Thursday, June 7, 2012

I was talking to a friend the other night and feeling kind of crappy. Not profoundly crappy, not “something has happened directly to me so now I feel crappy” crappy, but something vaguer. Something in the silt at the bottom of the lake that stirs when it rains.

I couldn’t find the shape of things, but I knew a few axes, so I was walking him through what I knew by telling stories and making fun of myself. At one point he interrupted me and asked me if I remembered this night. I didn’t.

“It was a couple years ago, and it had just rained out. You really don’t remember this? So it had rained out, and we were sitting on that gliding bench in your front yard. And you were a mess — young and confused with the world and sunburned. But you were so happy. And wearing socks on the wet grass. And holding a drink and smiling and swaying a little while we talked. And I had this knot in the pit of my stomach because, I don’t even know anymore. I felt untested or incapable or separate. Outside of whatever joy you were feeling. That I’d never be a happy person sitting on a swing like that.

And we were quiet for a minute at one point. And you scrunched your nose and turned to me and asked me if I seen that bug jump in front of us. And I didn’t. You said it was crickets. The crickets were starting up again cause the rain had stopped. Then there was a joke about cricket sex. I don’t really remember it. Just the chirps as, ‘I’m horny. I’m alive. I’m here. I’m a man cricket. I’m a woman cricket.’ And you got up to get another drink from inside, and put your hand on my shoulder as you passed, and you squeezed it and said, ‘I love you and it’s fine.’

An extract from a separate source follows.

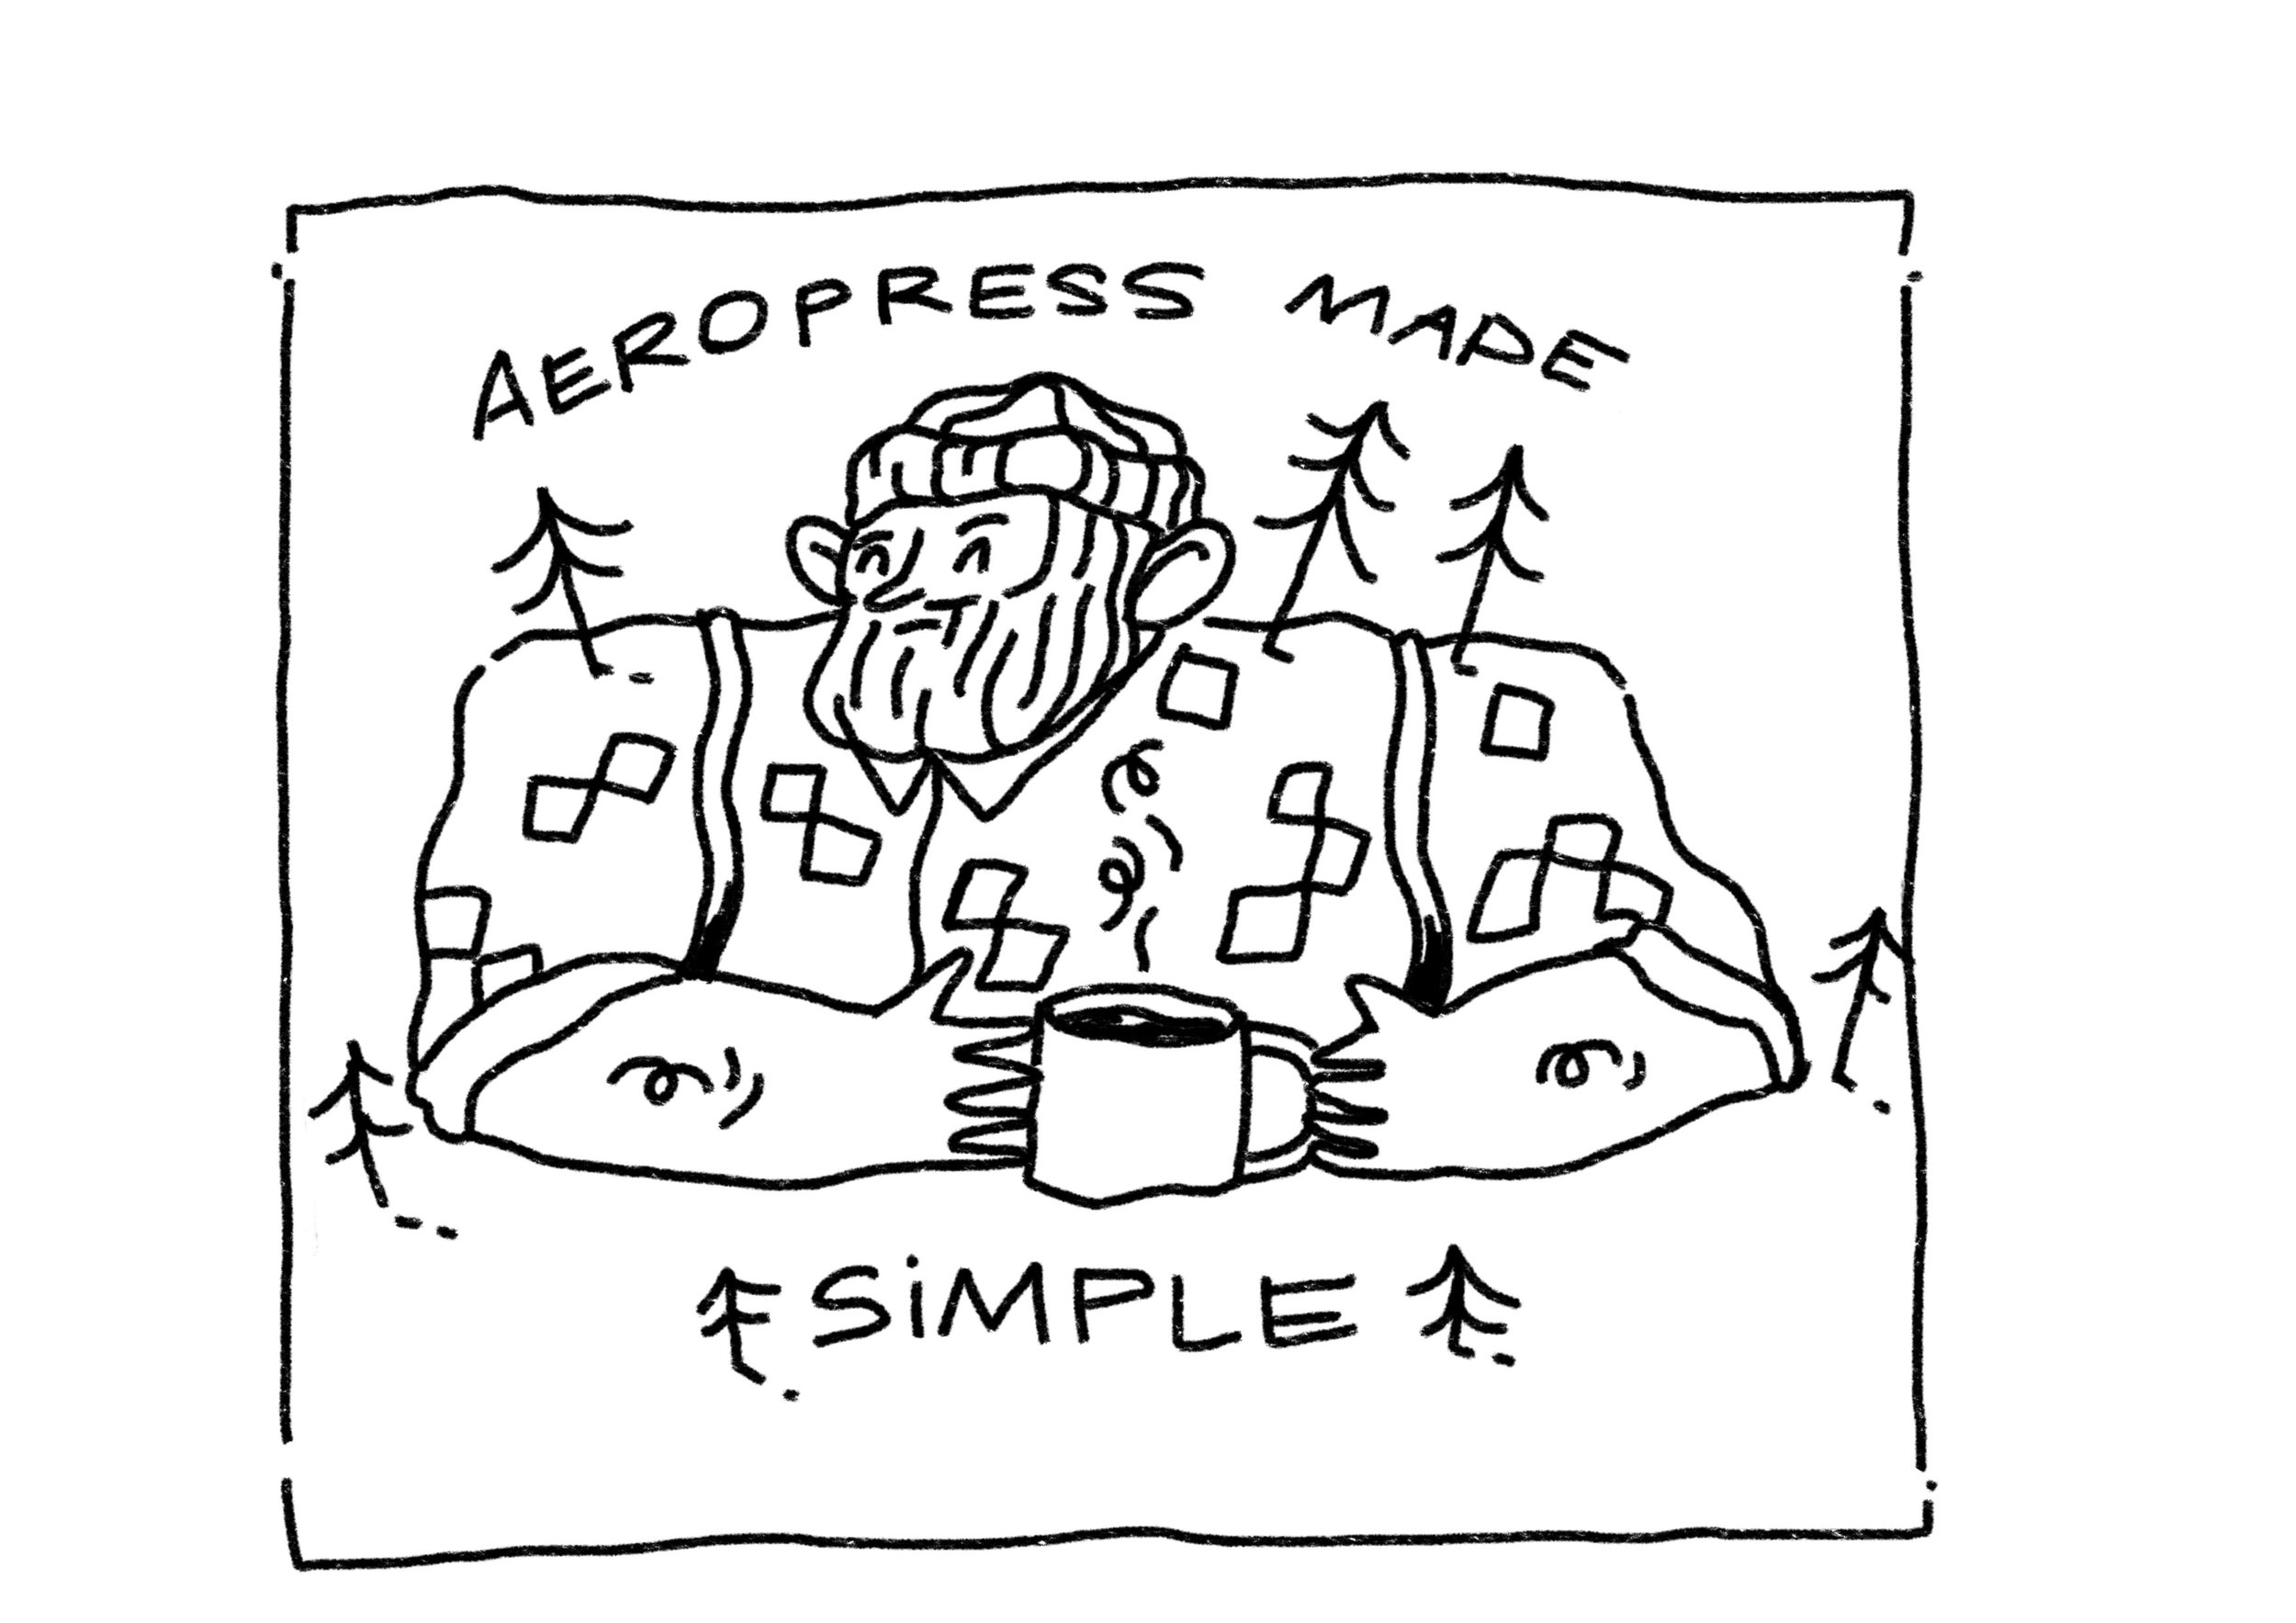 aeropress1.jpg

When you came back out you were right back in the cricket sex joke, so I guess it makes sense that you wouldn’t remember. But it was such a moment. Of here’s a person on this earth who will squeeze my shoulder and know without being told. Ya know? Here’s my Temple Grandin.

But back to your dumb thing, where were you?”

I’m obviously paraphrasing there, but the key phrases are all present. The voice too, to a lesser extent. Anyway, the story was good. I’m glad he told it. Because sometimes in this world all you need is the person who knows the right way to stop the joke and tell you you matter to them.

And then has the decency to pick the joke back up again.